• _INFORMATION SUPPLIED_:
★ ★ ★ ★
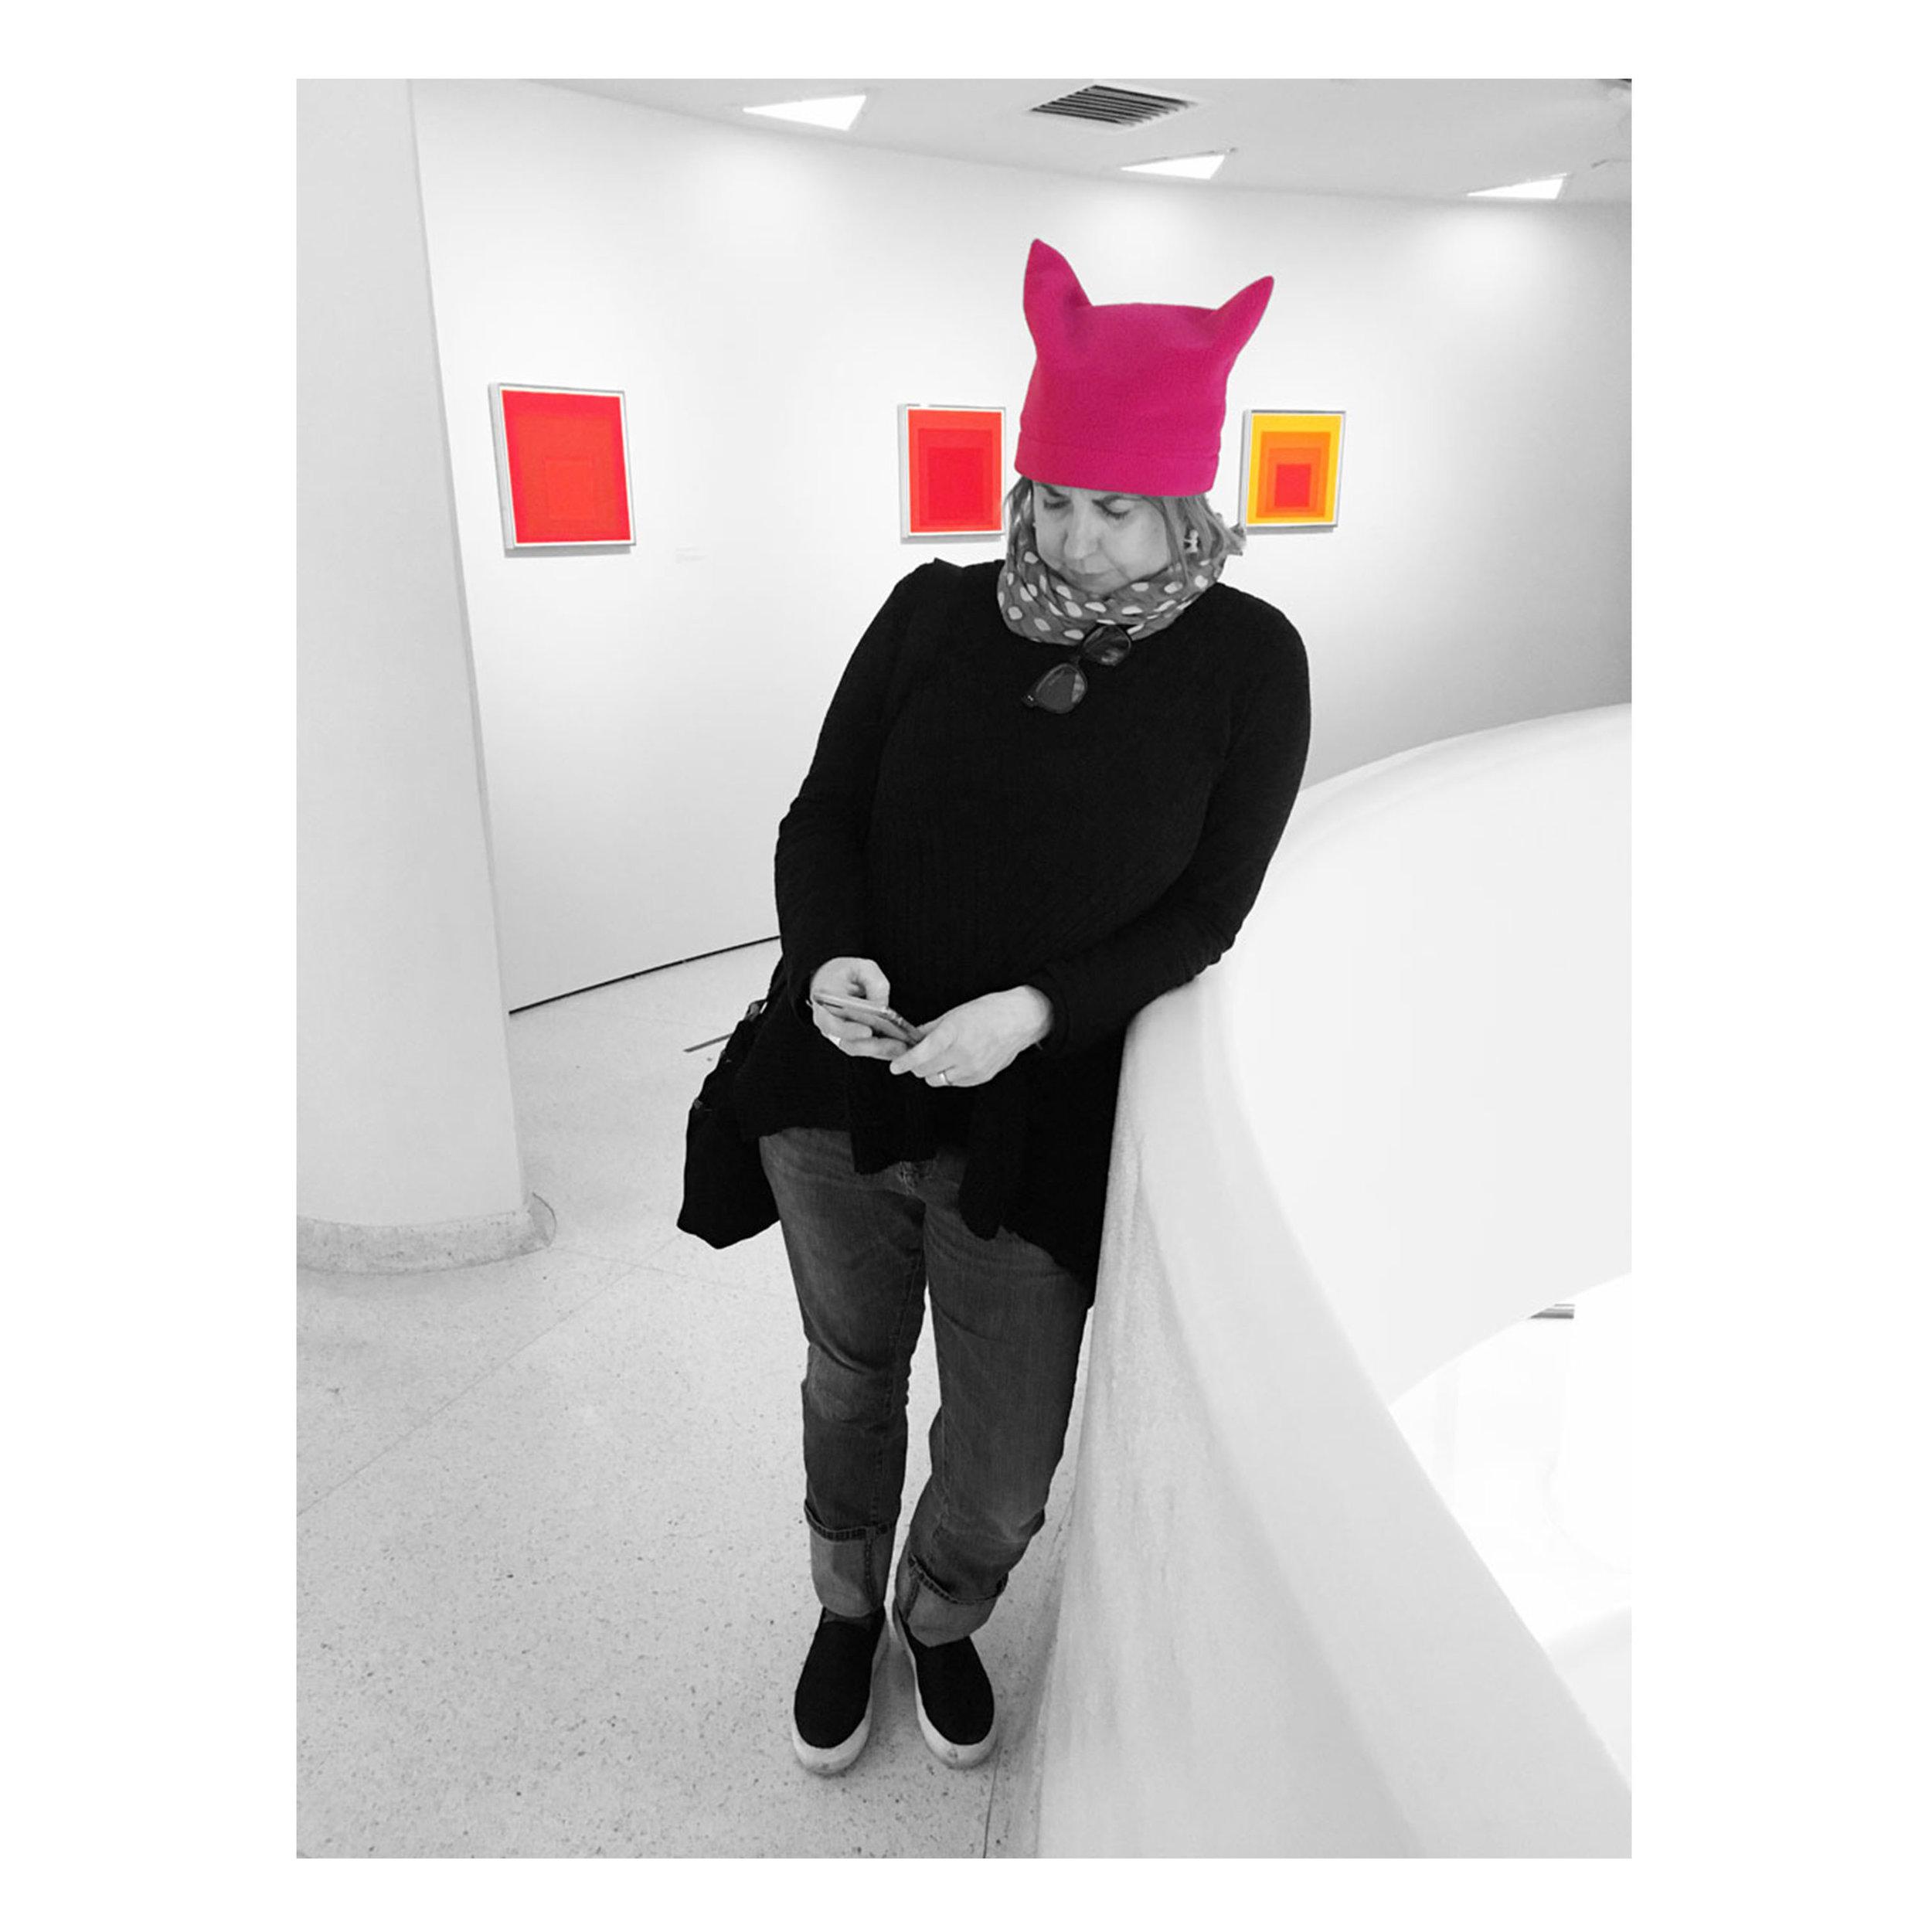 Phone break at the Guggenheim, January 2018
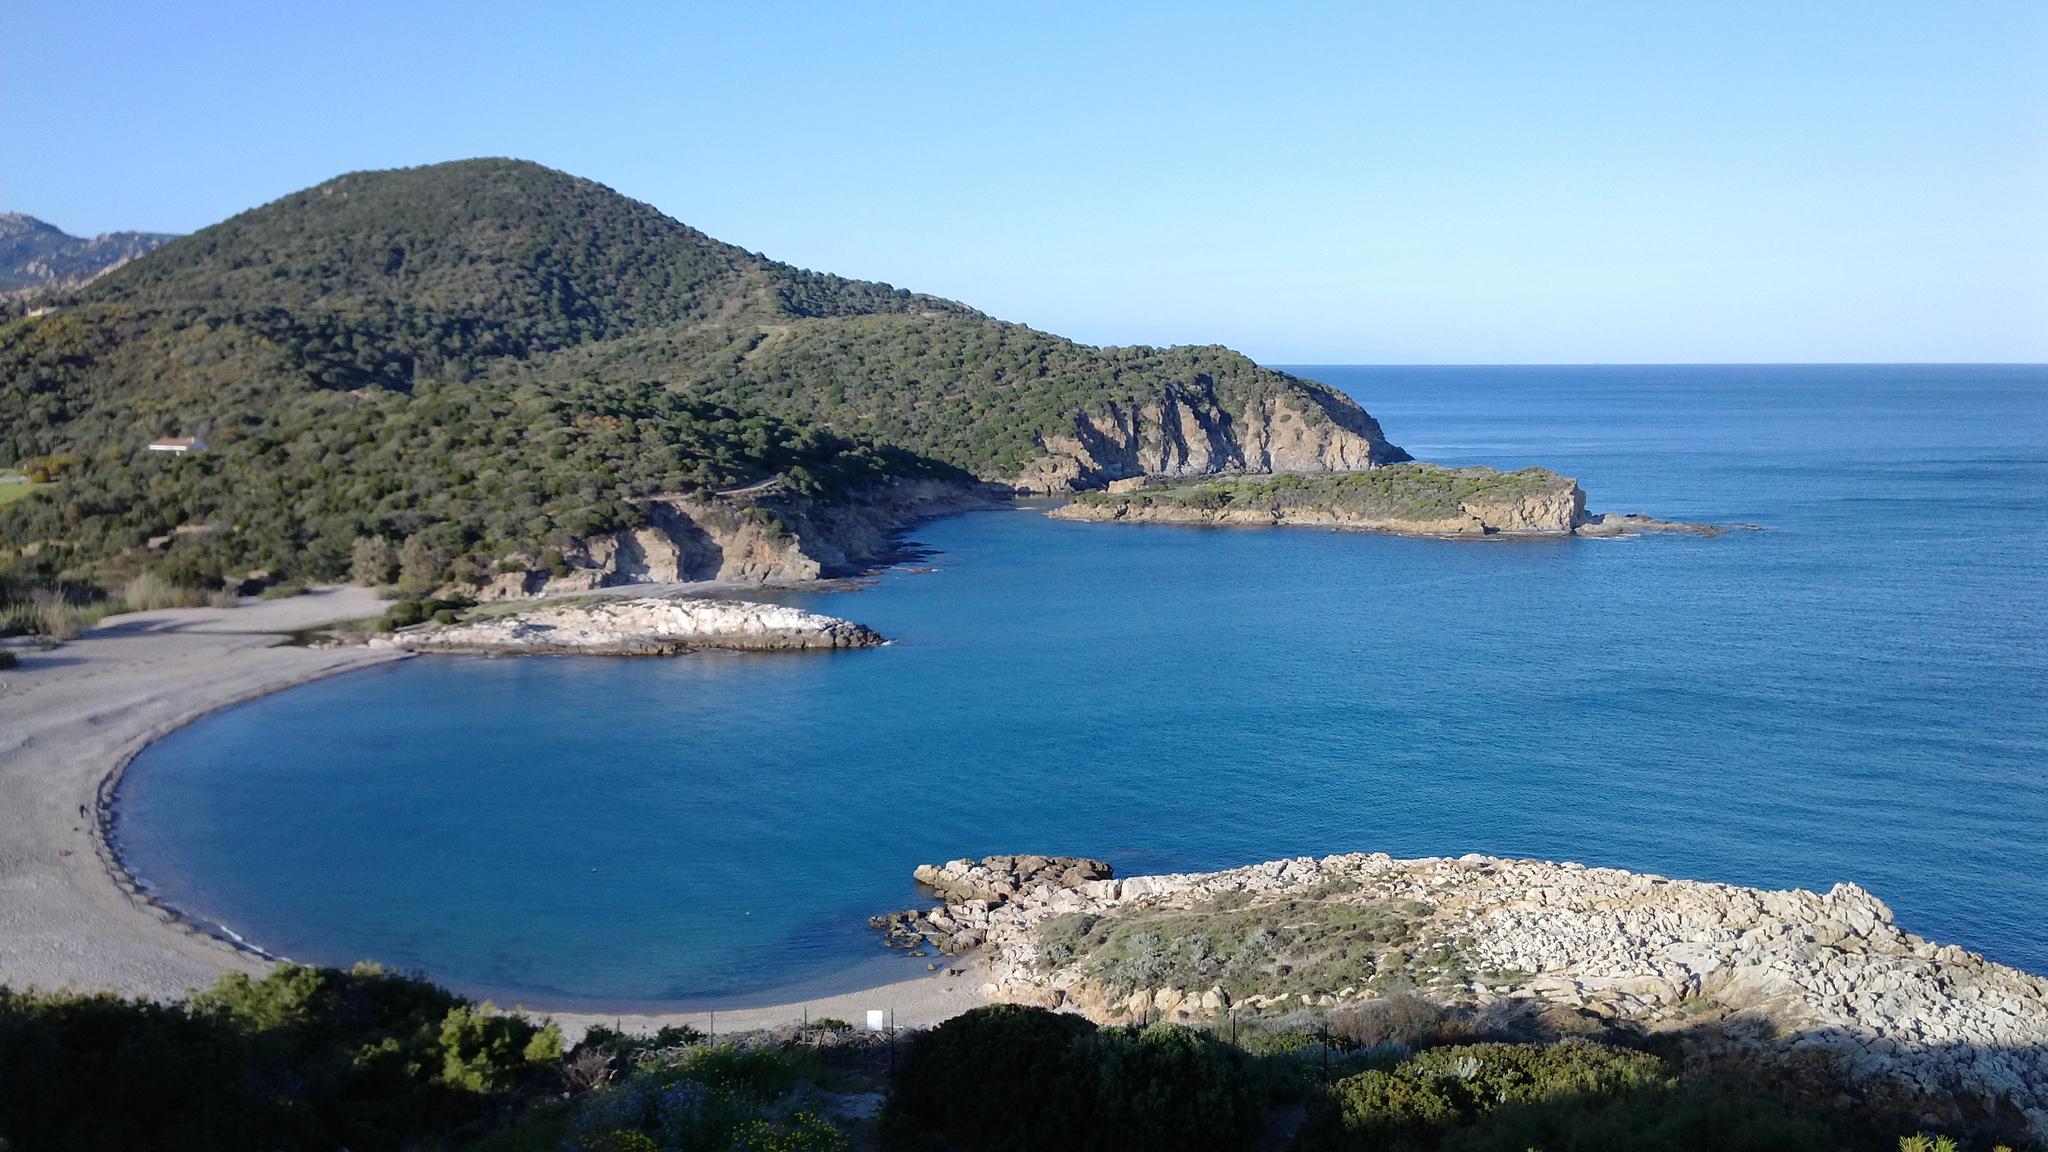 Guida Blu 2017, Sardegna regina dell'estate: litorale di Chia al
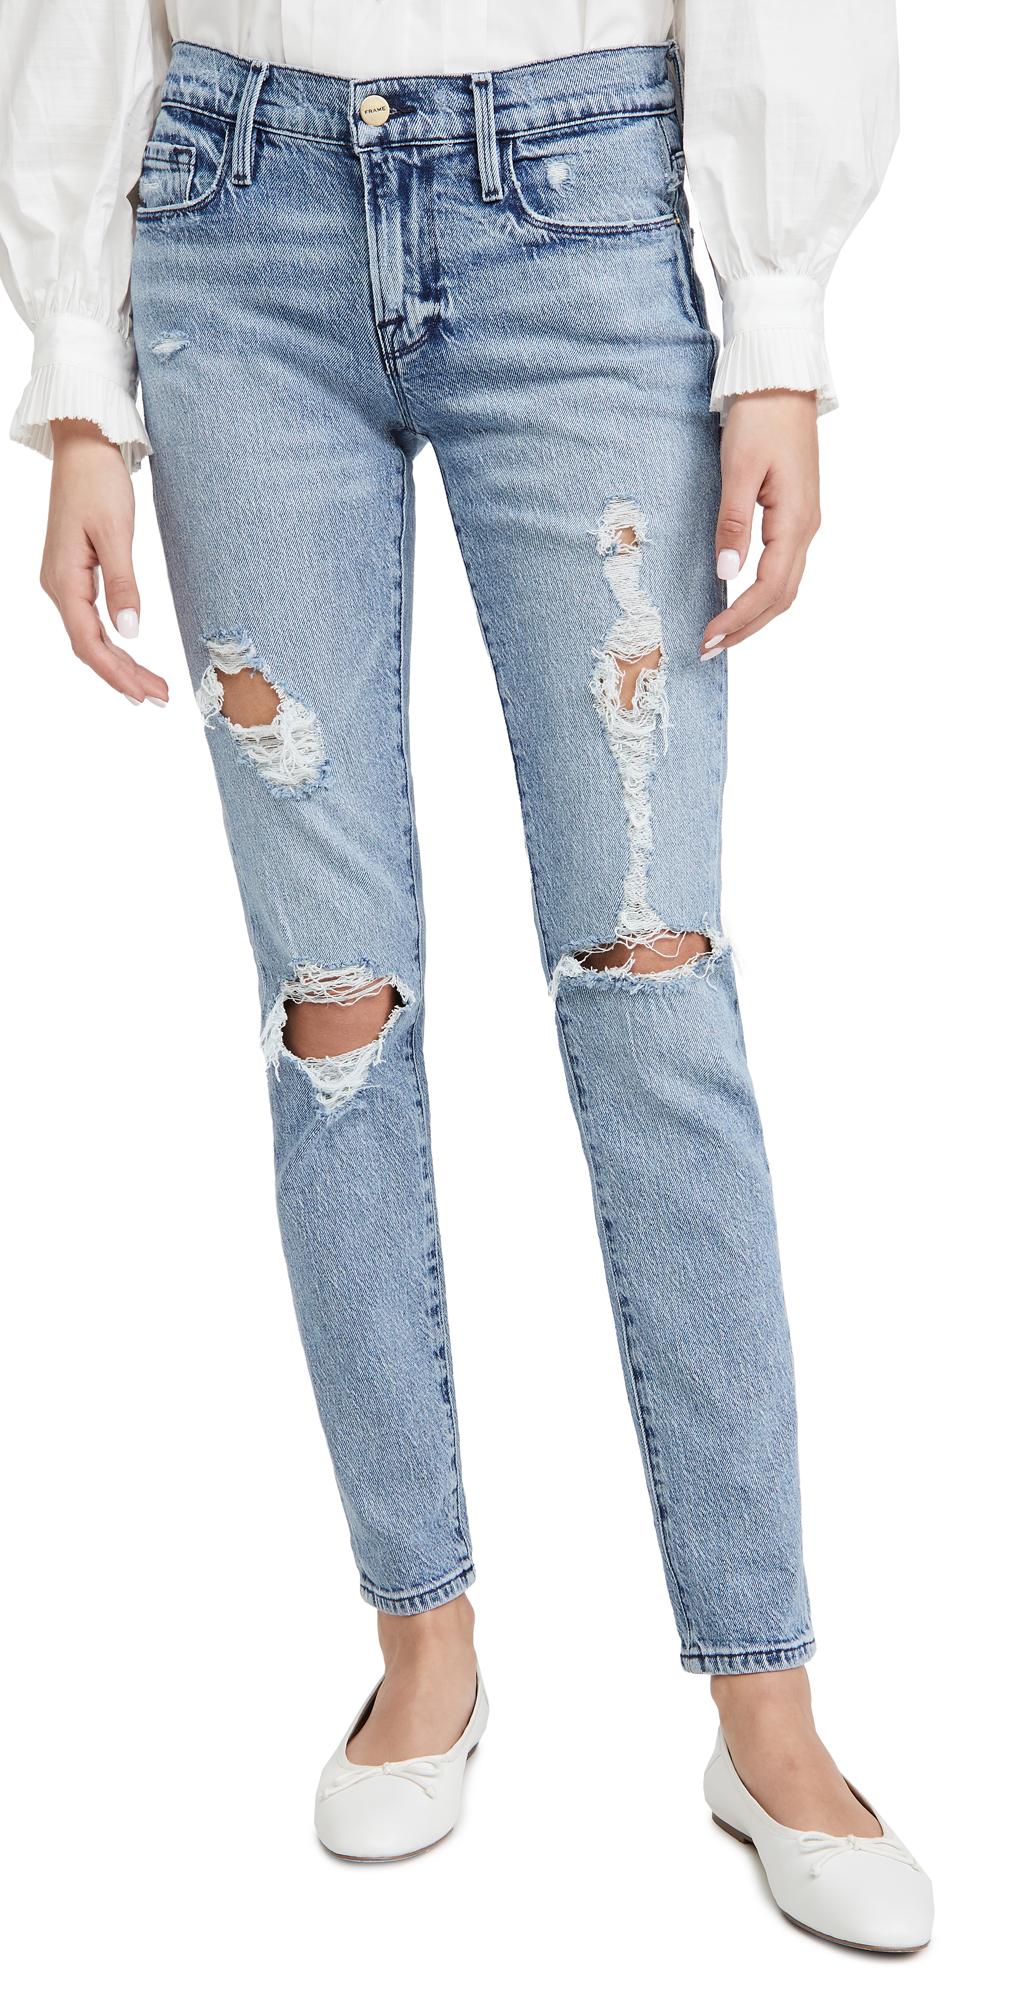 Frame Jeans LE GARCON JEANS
★ ★ ★ ★
• _EXERCISE PROMPT_:
Please retype all of the material exactly, skipping whatever images it holds.

• _WORKED SOLUTION_:
 Phone break at the Guggenheim, January 2018
 Guida Blu 2017, Sardegna regina dell'estate: litorale di Chia al
 Frame Jeans LE GARCON JEANS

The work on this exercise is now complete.